● **Collected data**
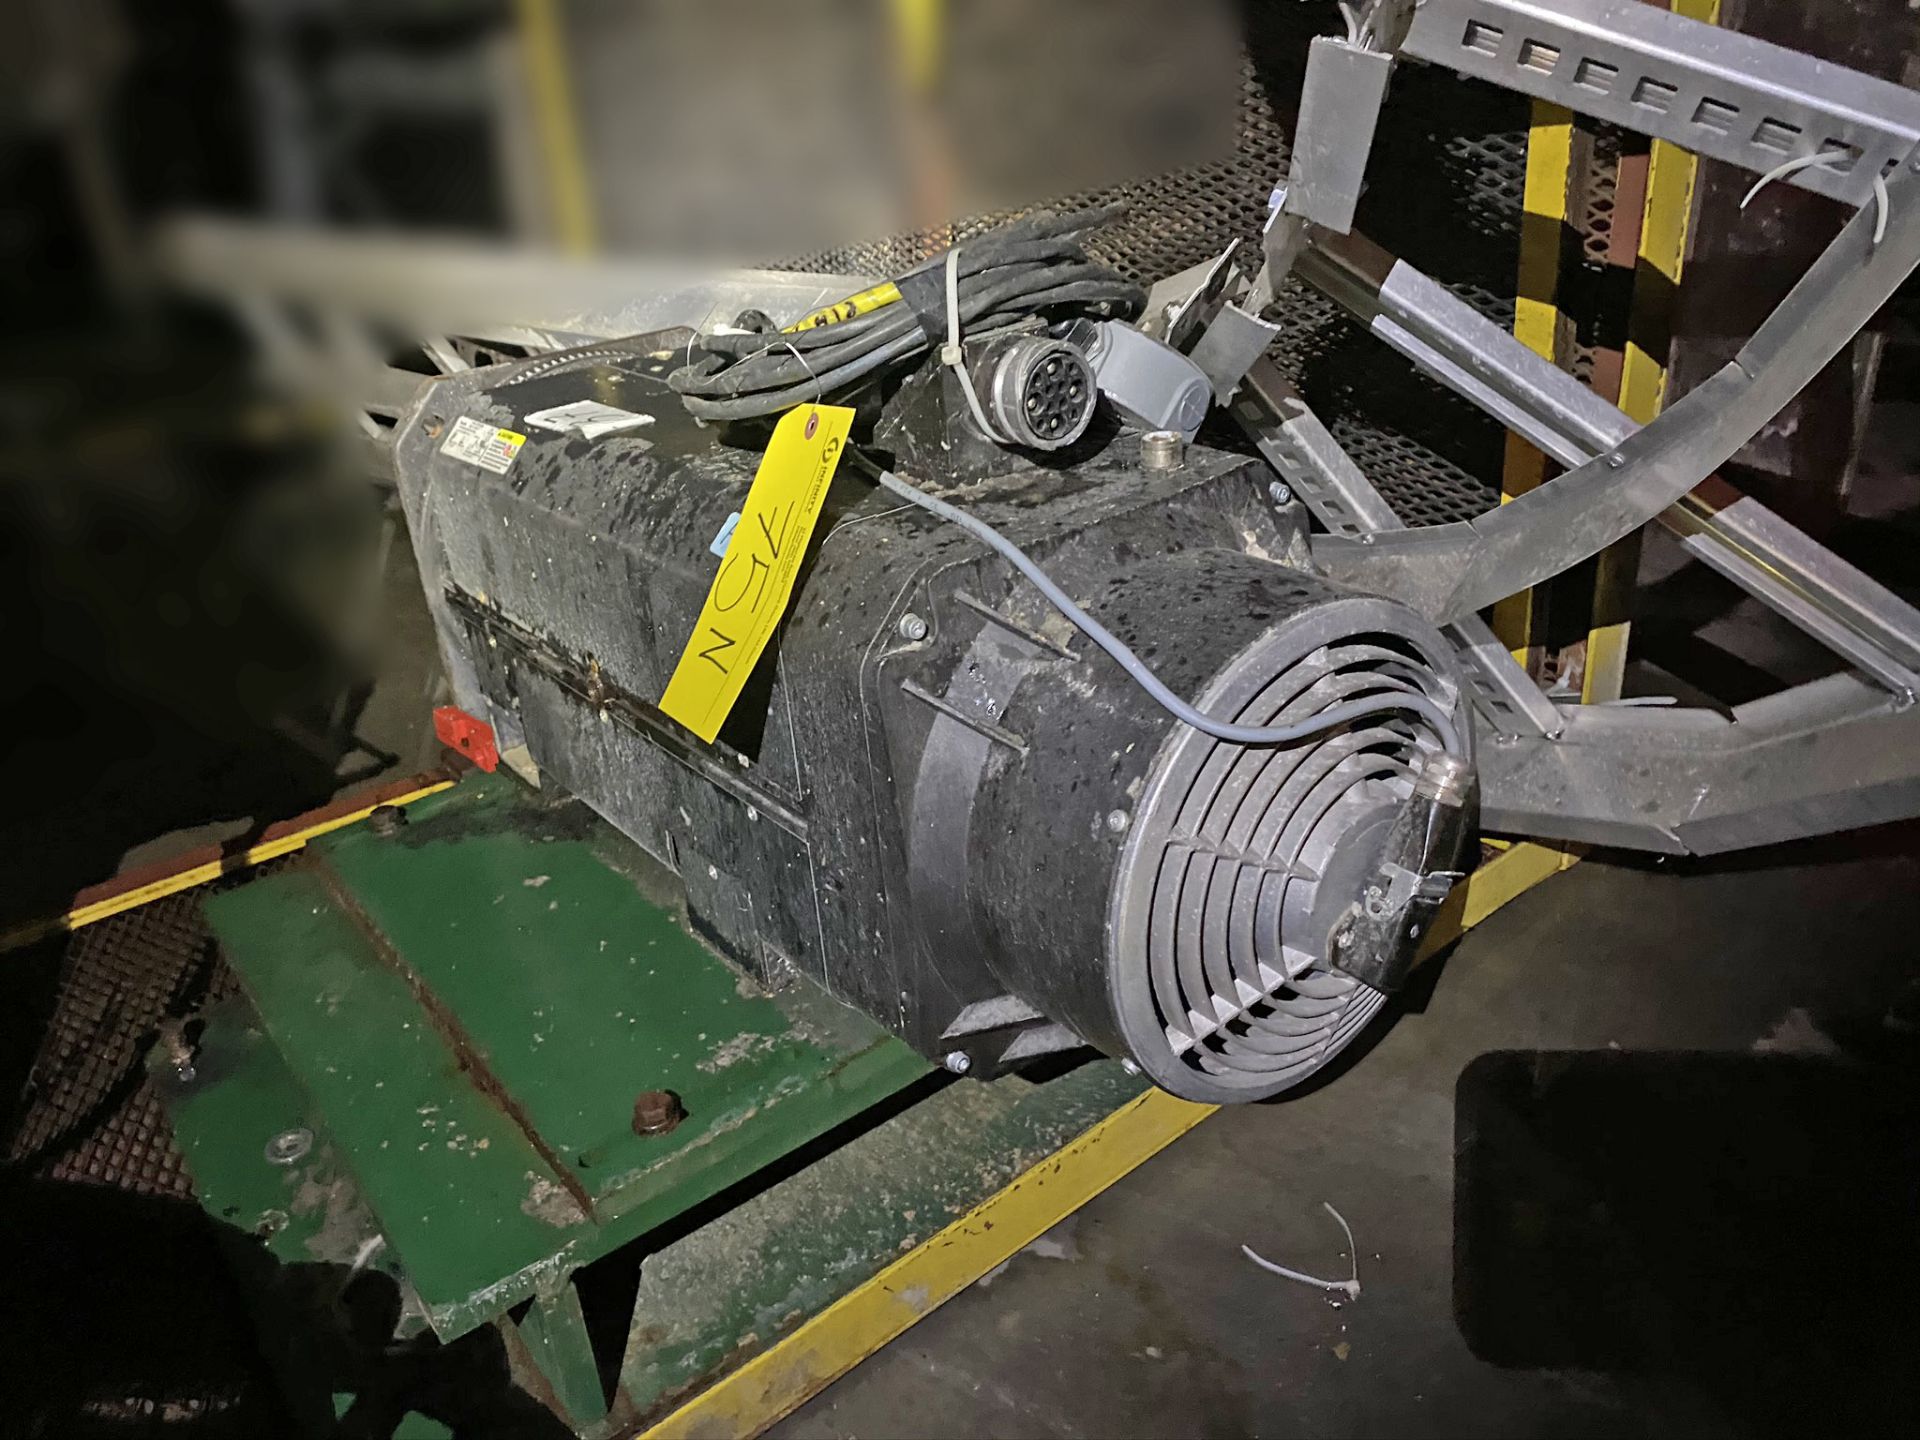 Rexroth 3-phase induction motor. Typ: MAD160C-020-S2-BK0-35-N1. S/N: 78002010000254. (S.F.) - Image 2 of 3
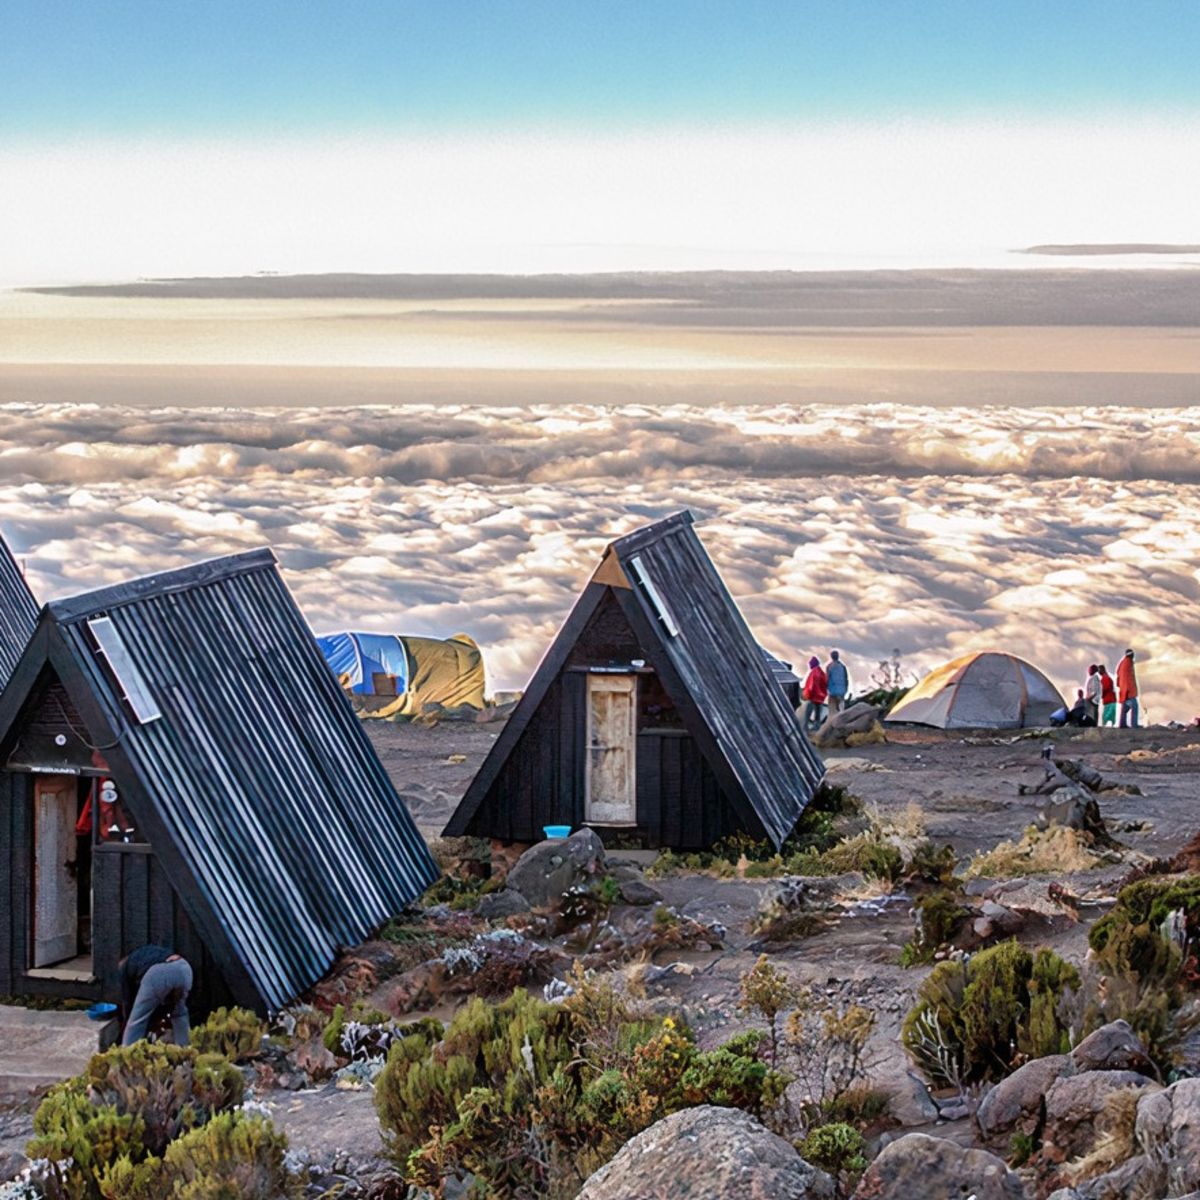 A-frame huts at MArangu route campsite with blanket of cloud below
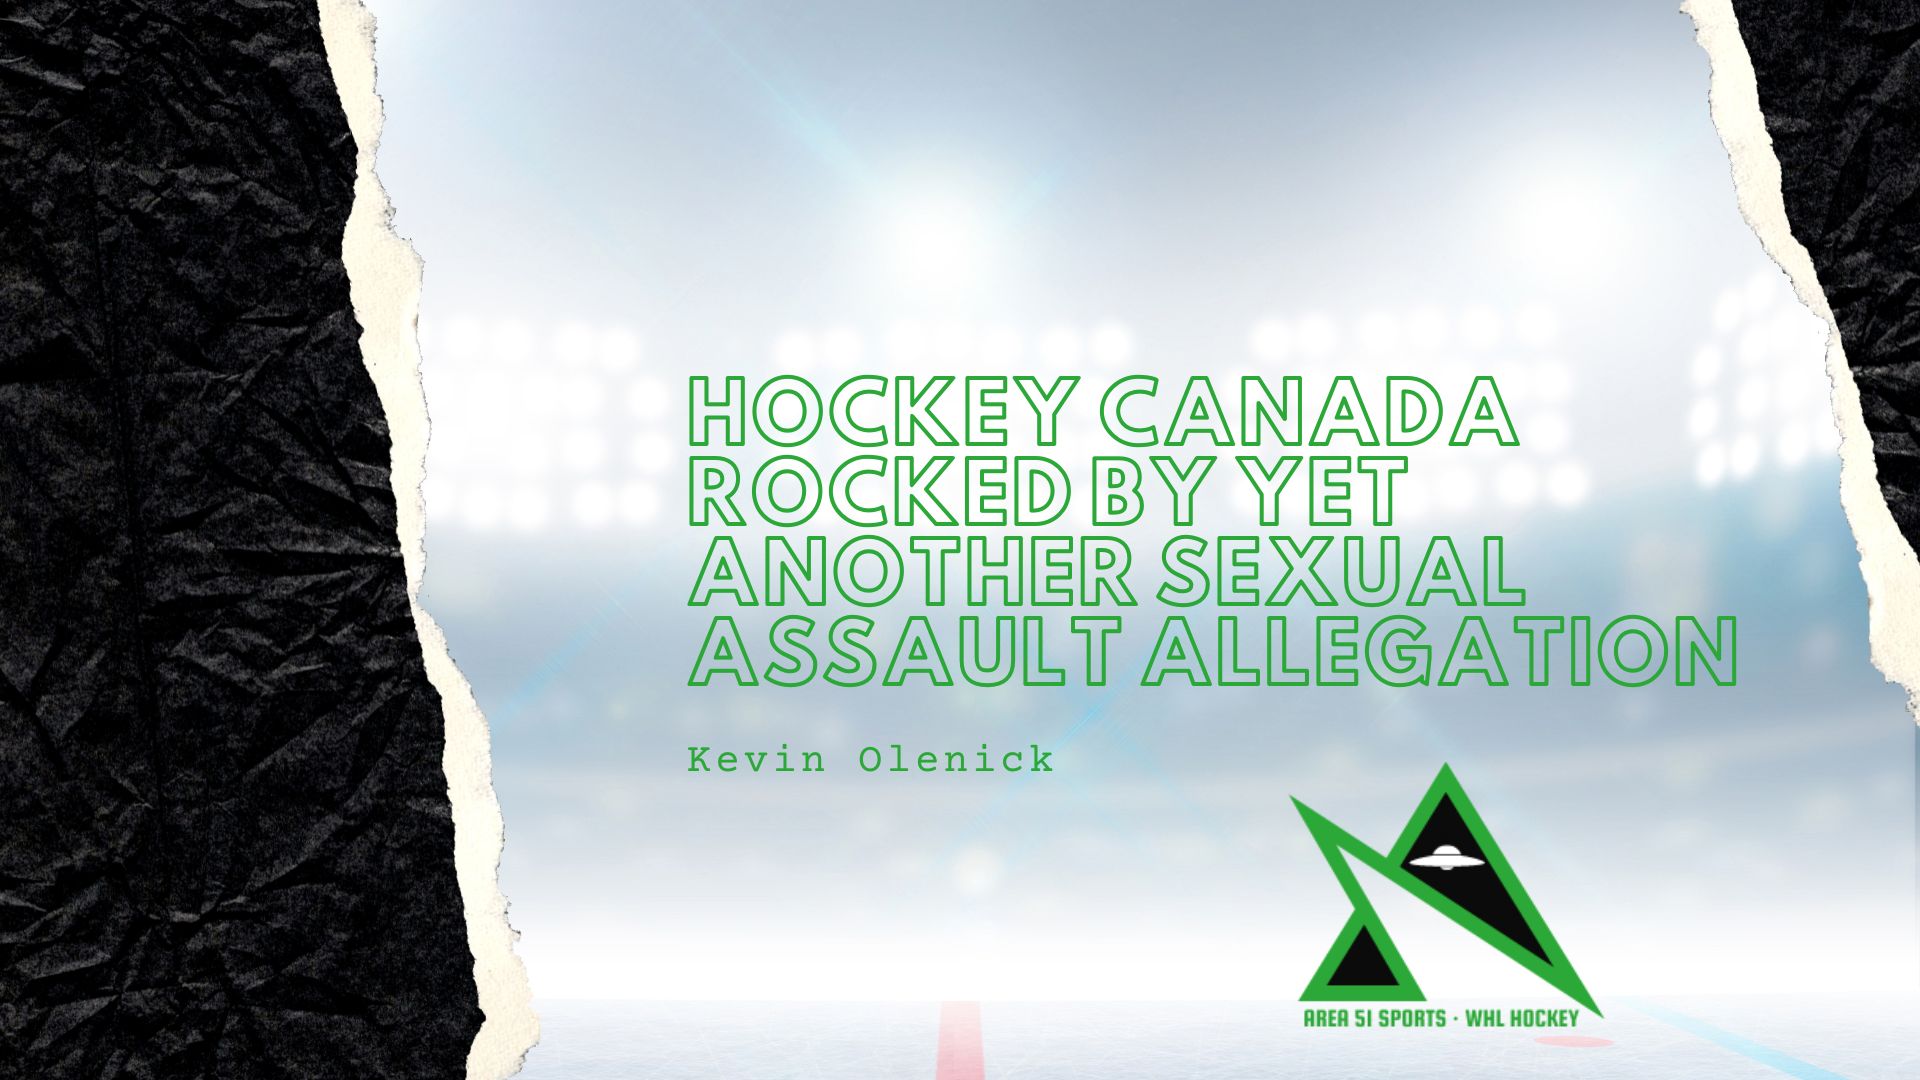 Hockey Canada Rocked by Yet Another Sexual Assault Allegation

● **About this task**
Omit the pictures, then copy out all the data exactly as it stands.

● **Output for this exercise**
 Rexroth 3-phase induction motor. Typ: MAD160C-020-S2-BK0-35-N1. S/N: 78002010000254. (S.F.) - Image 2 of 3
 A-frame huts at MArangu route campsite with blanket of cloud below
 Hockey Canada Rocked by Yet Another Sexual Assault Allegation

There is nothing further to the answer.